January 18 was a clear, sunny, and bird-filled day at the Sacramento National Wildlife Refuge in Glenn County. Although human attendance for the SERCAL-led field trip was low, waterfowl attendance was astounding. SERCAL members Gerrit Platenkamp and Harry Oakes and ICF fish biologist Jeff Kozlowski attended the event. The great weather conditions allowed for great views and photo opportunities. A total of 51 bird species were observed, including 13 waterfowl, 6 raptor, and several shorebird species. The NWR is a mosaic of open water, emergent marsh, and mudflats. Snow geese and Greater white-fronted geese were the most abundant species with numbers in excess of 10,000. There were several opportunities to view large flocks take to the air and great close-up views. Other waterfowl highlights were close-up views of Hooded mergansers and Ring-necked ducks. We had a great look at a Sharp-shinned hawk perched near the visitor’s center bird feeders, a Peregrine falcon soaring eye-level over the marsh, and four immature Bald eagles.

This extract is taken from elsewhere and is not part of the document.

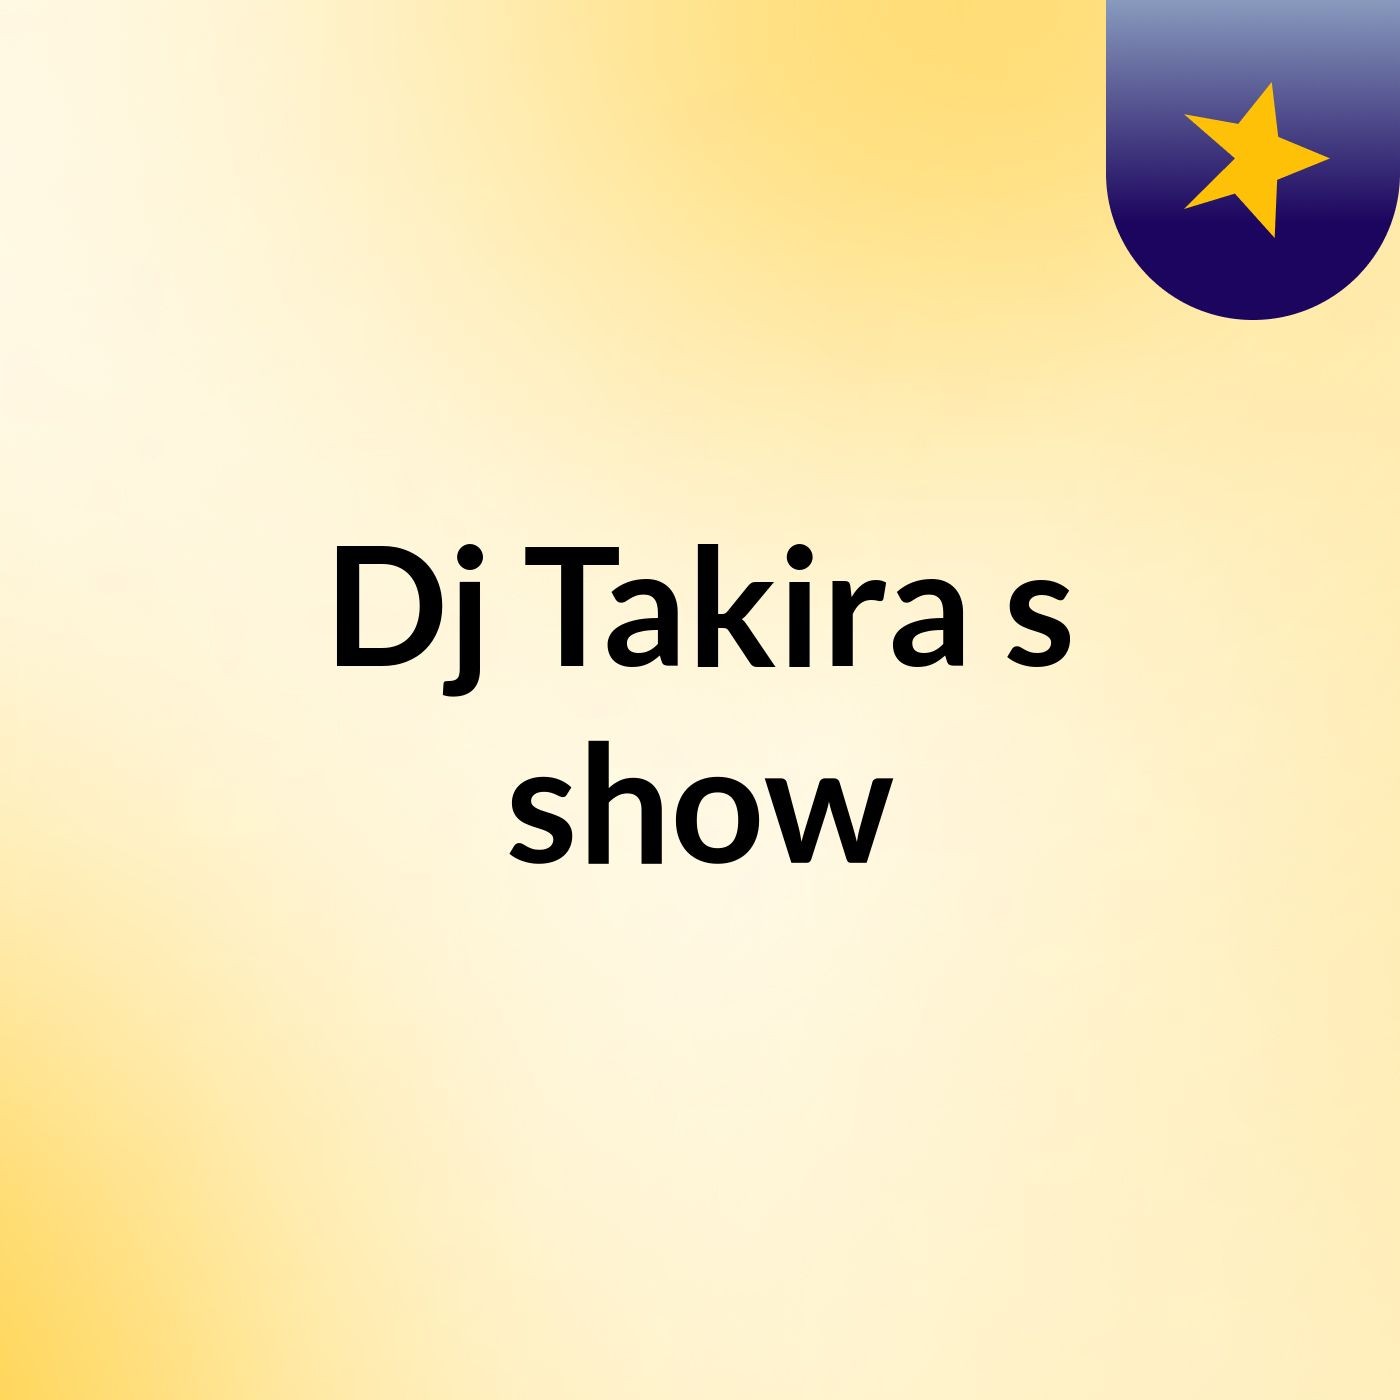 Dj Takira's show
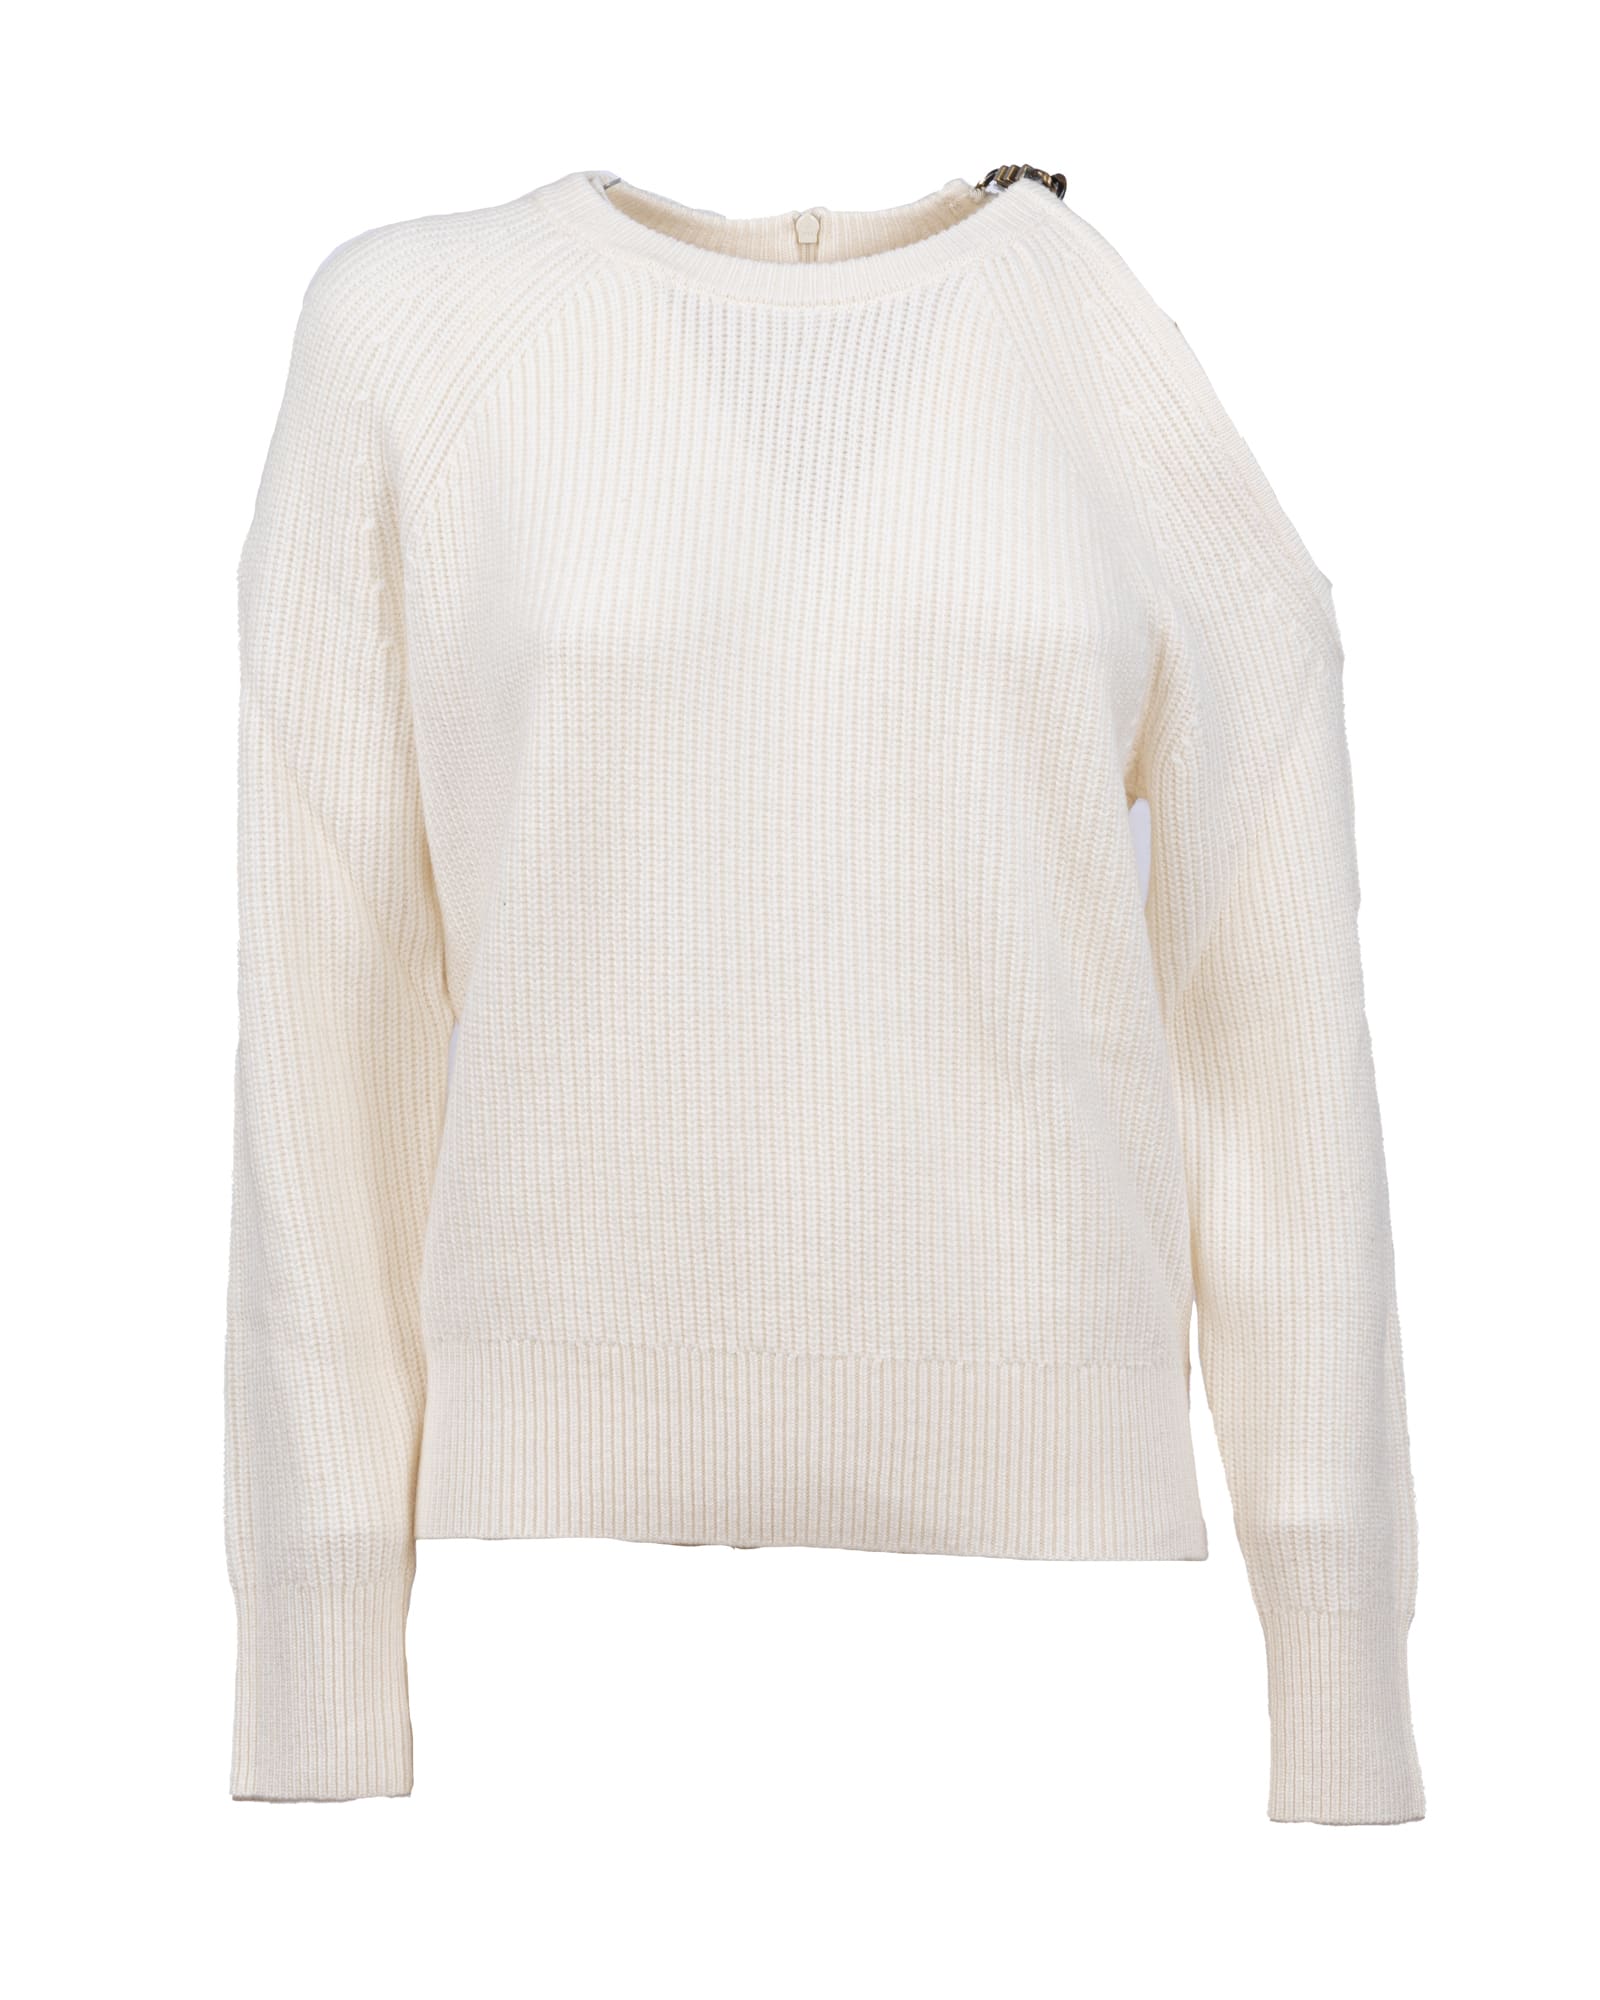 Michael Kors Wool sweater

January 25 provided yet another clear, sunny, and bird-filled day. This trip was held at the Cosumnes River Preserve in southern Sacramento County. We had intended to spend some time exploring the riparian forest and scrub habitat but the birding was so good in the wetland complexes that we spent most of the time there. Gerrit, Jeff and I participated and attendance grew by 33% compared to the previous weekend because my friend Evan joined the trip. The great weather conditions once again allowed for great views and photo opportunities. A total of 30 bird species were observed. This was fewer than the previous week’s trip but we didn’t cover as much ground because we were focused on taking photographs. The preserve’s walking trail and boardwalk adjacent to seasonal ponds allow for close encounters with waterfowl. A small group of Sandhill cranes were very close to the boardwalk and didn’t seem to mind all of the onlookers. Other trip highlights that made for great photographs were a group of Blue-winged teal, a Sora adjacent to the boardwalk, a cooperative Snipe, and a brightly-colored male Common yellowthroat. Photos courtesy Harry Oakes and Gerrit Platenkamp.


We enjoyed perfect weather both days and smooth seas coming and going. Participants came from a broad diversity of professional backgrounds and I think everyone really enjoyed geeking out on the incredible natural beauty and human history of the island. Special thanks to John Knapp and the rest of The Nature Conservancy staff for making the trip possible and for contributing so much expertise about the history and future of conservation and restoration on the island. These pictures, contributed by tour attendees, show some of the fascinating plants and animals we saw as well as the incredible vistas we enjoyed during our October 26-27 weekend visit. — Matt James, SERCAL 2012-2013 President.